4. Whether a Violation Here Would Require Suppression
Finally, the Government argues that even if the Court were to find the consent was invalid, the Court is not required to suppress the evidence because, as it asserts, the purposes of the exclusionary rule—to deter further Fourth Amendment Violations, Davis v. United States, 131 S.Ct. 2419, 2426 (2011)—will not be served. Davis does provide that "when the police act with an objectively reasonable good-faith belief that their conduct is lawful, or when their conduct involves only simple, isolated negligence, the deterrence rationale loses much of its force, and exclusion cannot pay its way." Davis, 113 S.Ct. at 2427-2428 (internal citations and quotations omitted). Recently, the Court of Appeals for the Third Circuit in United States v. Katzin likewise provided that in considering suppression, the Court must consider whether a reasonably well trained officer would have known that the questionable search was illegal. Specifically, Katzin, states:
The whole of our task is . . . to consider the totality of the circumstances to answer the objectively ascertainable question whether a reasonably well trained officer would have known that the search was illegal. To exclude evidence simply because law enforcement fell short of relying on binding appellate precedent would impermissibly exceed the Supreme Court's mandate that suppression should occur in only "unusual" circumstances: when it furthers the purposes of the exclusionary rule.Katzin, 769 F.3d at 177-178 (internal citations, quotations and alterations omitted). "In the context of suppression, . . . the Supreme Court has unequivocally held that deterring isolated negligence is not worth the social cost of excluded evidence. Only if mistakes of this nature recur with some frequency will a criminal defendant be in a position to argue that the calculus has changed." United States v. Wright, 777 F.3d 635, 641-642 (3d Cir. 2015). Where the officer acted in good faith yet was grossly negligent, the evidence nevertheless should be suppressed. Virgin Islands v. John, 654 F.3d 412 (3d Cir. 2011).
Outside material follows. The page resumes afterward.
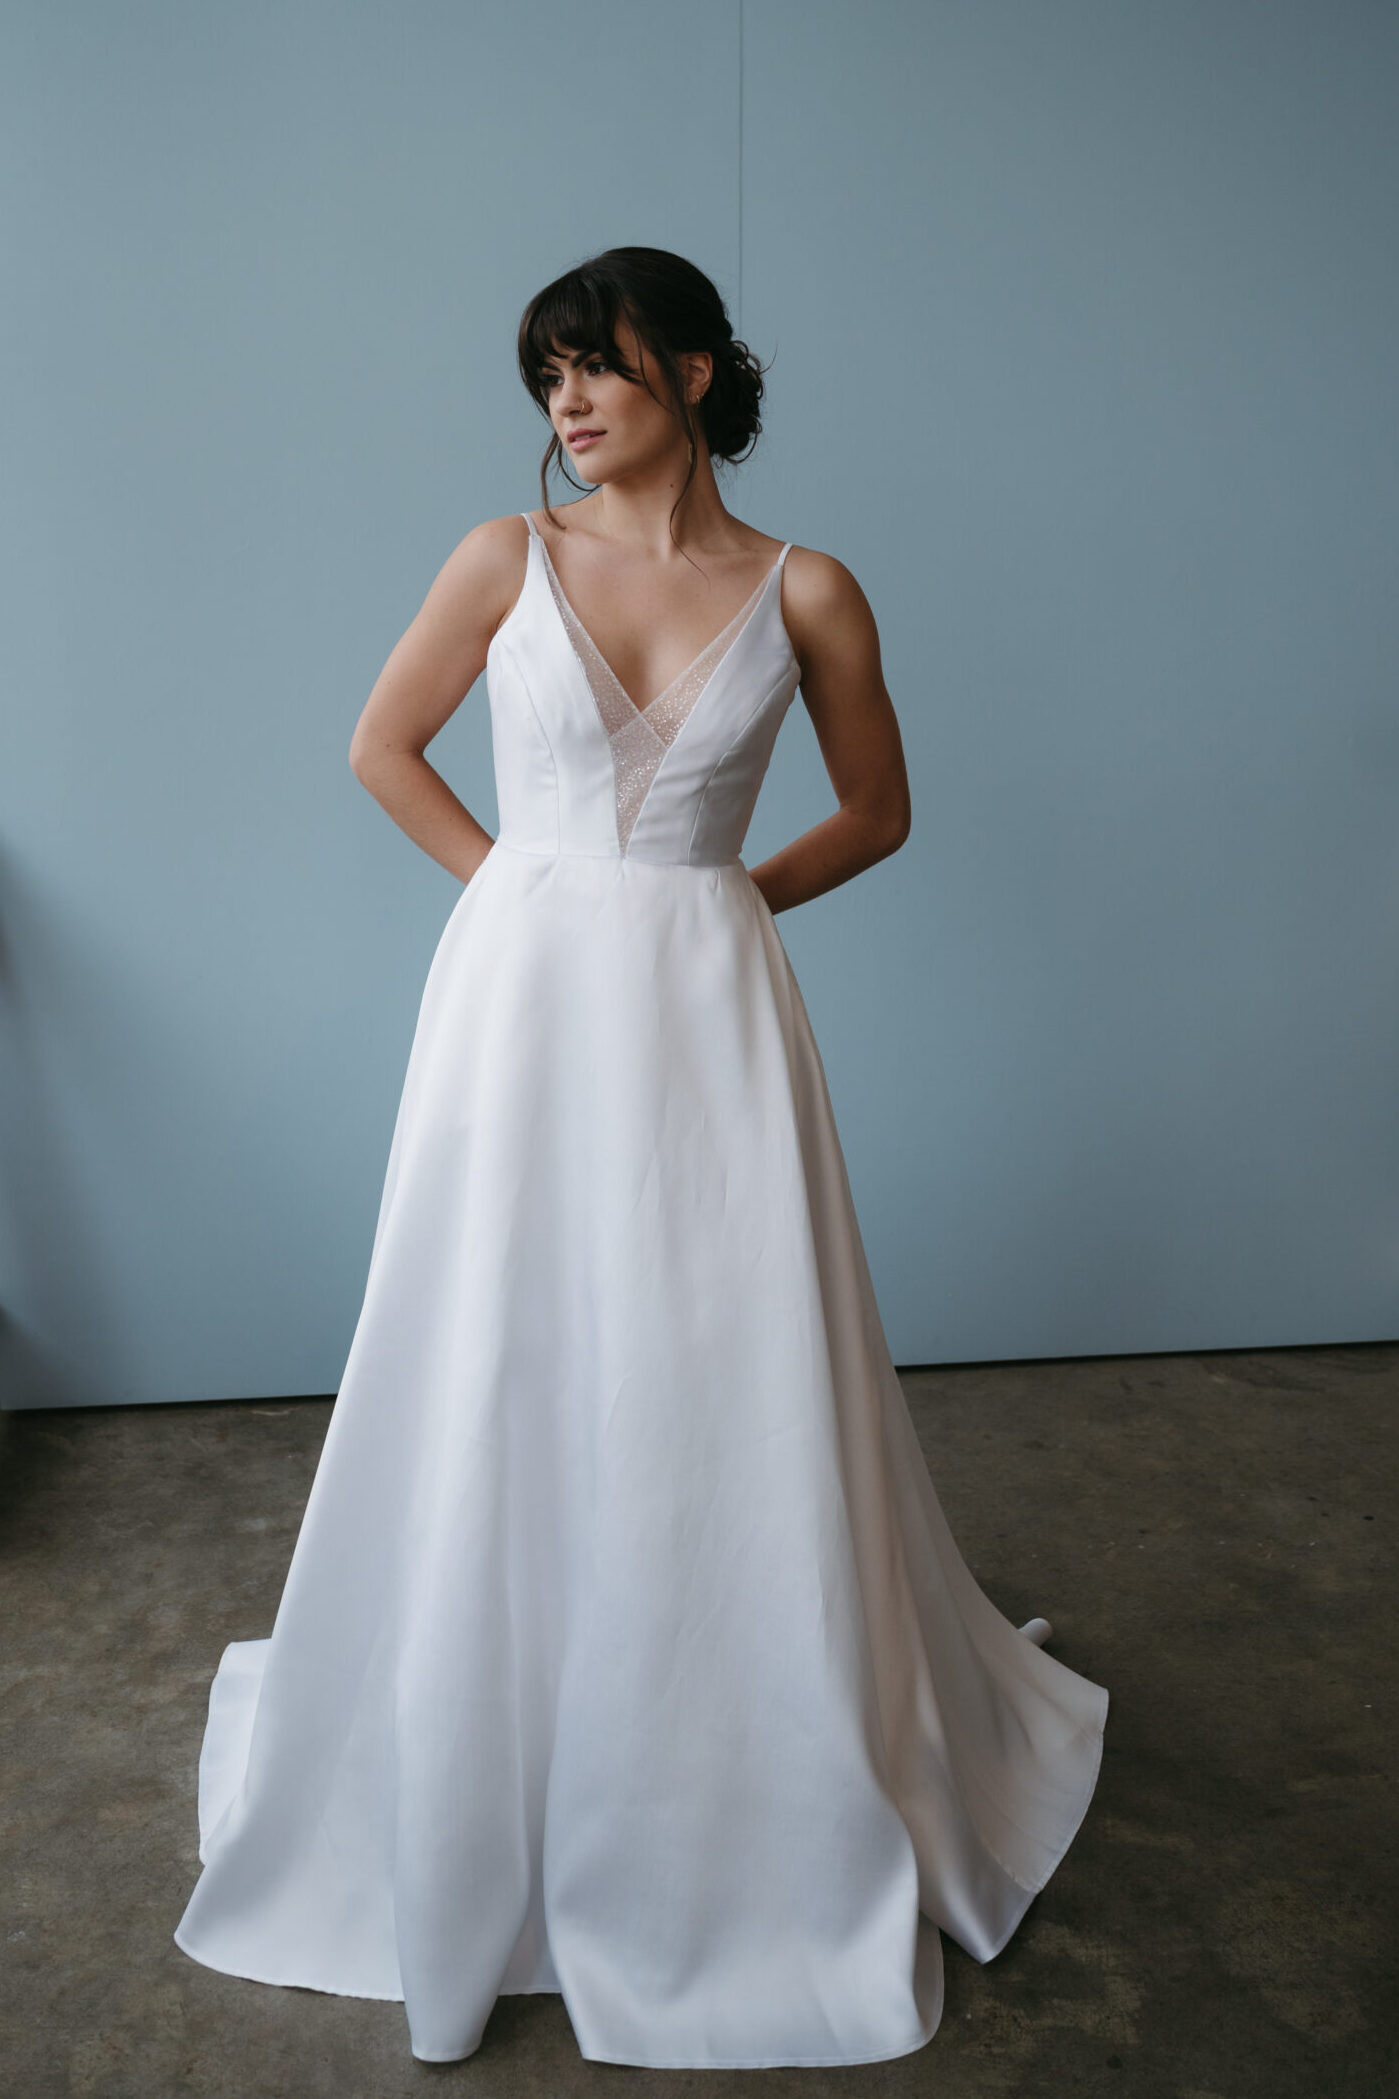 Cicada Bridal - custom wedding dresses and bridal gowns

As to the warrant requirement, the Court must consider under the very specific context of this case, even if Ms. Ocampo did not have actual or apparent authority to consent, whether the failure of Detective Felicion to obtain a warrant prior to opening the safes was an unreasonable search under the circumstances such that the evidence found therein must be suppressed. The evidence establishes that the search for the missing firearm had gone on for some time; its whereabouts in the marital residence was unknown; Ms. Ocampo appeared very concerned about it being missing in her home and with minor children present; and she implored the police to continue to assist her in finding it. Detective Felicion had the ready means to and opened the safes to determine if the firearm, which reasonably could have been contained therein, was actually located therein only after asking and being given Ms. Ocampo's permission. Under the unique circumstances of this case, this Court finds that a reasonably well trained officer, such as Detective Felicion, would not have known that the search of the safes under these circumstances was illegal. Moreover, the Court further finds that Detective Felicion's conduct was not grossly negligent as he acted reasonably under the circumstances. Indeed, Detective Felicion was not looking for anything other than Ms. Ocampo's lawfully owned firearm in the safes to assist her in determining its location as there was great concern that her firearm could not be found. As such, the Court opines that exclusion here would not serve a deterrent purpose. V. CONCLUSION
Based on the foregoing, Defendant's Rafael Balanquet Herrera's Motion to Suppress is denied. An appropriate Order follows.
s/Nora Barry Fischer
Nora Barry Fischer
United States District Judge Date: January 14, 2016 cc/ecf: All counsel of record.